Net income decreased by 35% to $588,000 or $.13 per share for the six months
ended December 31, 1997 from $906,000 or $.21 per share for the same period a
year ago. For the three months ended December 31, 1997 net income decreased by
61% to $206,000 or $.05 per share as compared to $533,000 or $.12 per share for
the same quarter a year ago. These decreases are primarily the result of the
items discussed above.
-9-
<PAGE> 10
NAPCO SECURITY SYSTEMS, INC. AND SUBSIDIARIES
MANAGEMENT'S DISCUSSION AND ANALYSIS OF FINANCIAL CONDITION
AND RESULTS OF OPERATIONS (continued)
Liquidity and Capital Resources
- ----------------------------------------------------
During the six months ended December 31, 1997 the Company utilized a substantial
portion of its cash generated from operations as well as additional borrowings
to increase its investment in inventory and to purchase property and equipment.

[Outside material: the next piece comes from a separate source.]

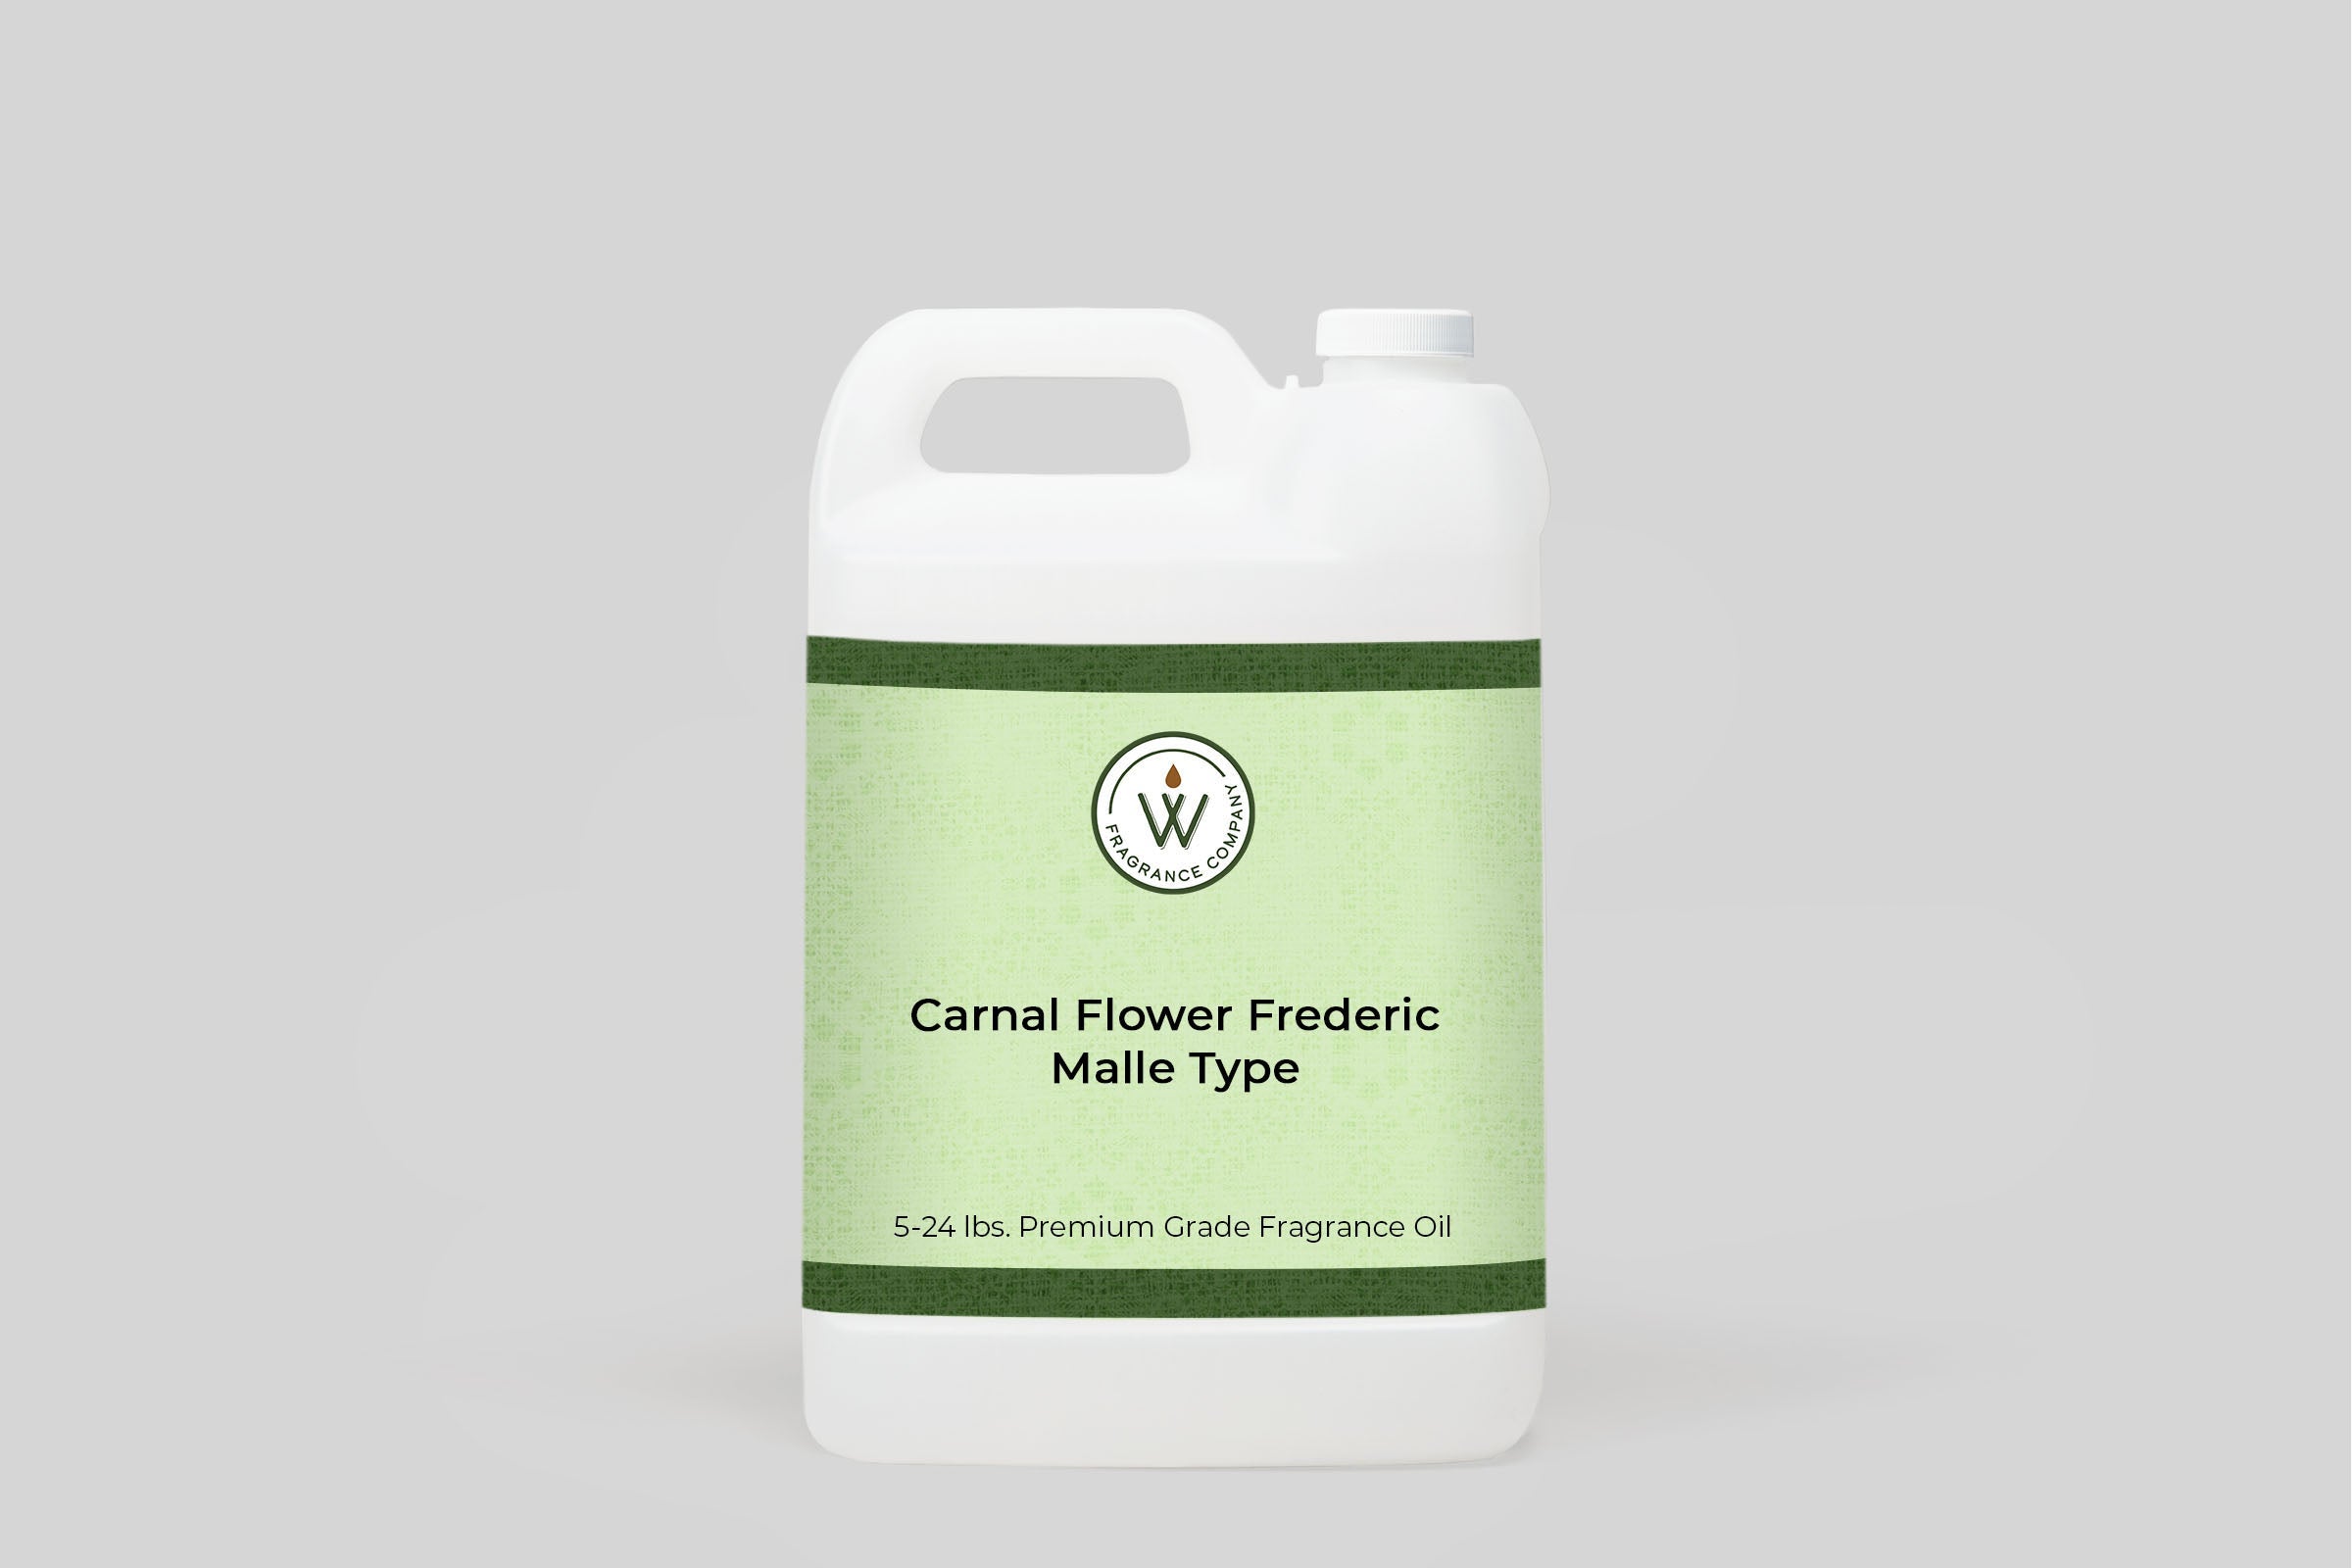 Carnal Flower Frederic Malle Type Fragrance Oil

This resulted in an increase in cash and cash equivalents to $1,189,000 at
December 31, 1997 from $1,006,000 as of June 30, 1997 and a net increase in
outstanding debt of $2,100,000 to $16,313,000 at December 31, 1997 from
$14,213,000 at June 30, 1997.
Accounts Receivable at December 31, 1997 decreased by $1,255,000 to $12,682,000
as compared to $13,937,000 at June 30, 1997. This decrease is primarily the
result of the higher sales volume during the quarter ended June 30, 1997 as
compared to the quarter ended December 31, 1997 and the decrease in net sales as
previously discussed as well as improved collection procedures.
Inventory at December 31, 1997 was $28,649,000, increasing by $2,947,000 from
$25,702,000 at June 30, 1997. This increase is predominantly the result of the
Company expanding its finished goods inventory levels at its locations that
service its international markets as well as in preparation for production of
several new product lines.
On May 13, 1997, the Company refinanced the majority of its bank debt with a new
primary bank and entered into a $16,000,000 secured revolving credit agreement,
a $3,000,000 line of credit to be used in connection with commercial and standby
letters of credit, and the replacement of the $2,500,000 standby letter of
credit securing an earlier loan from another bank in connection with the
Company's international operations. These agreements replaced an $11,000,000 and
a $2,000,000 credit agreement previously available to the Company. The Company
restructured its debt to allow for future growth and expansion as well as to
obtain terms more favorable to the Company. As part of the debt restructuring,
the Company retired the outstanding Industrial Revenue Bonds relating to the
financing of the construction of the Company's Amityville facility. The
revolving credit agreement will expire in May, 2000 and any outstanding
borrowings are to be repaid on or before that time.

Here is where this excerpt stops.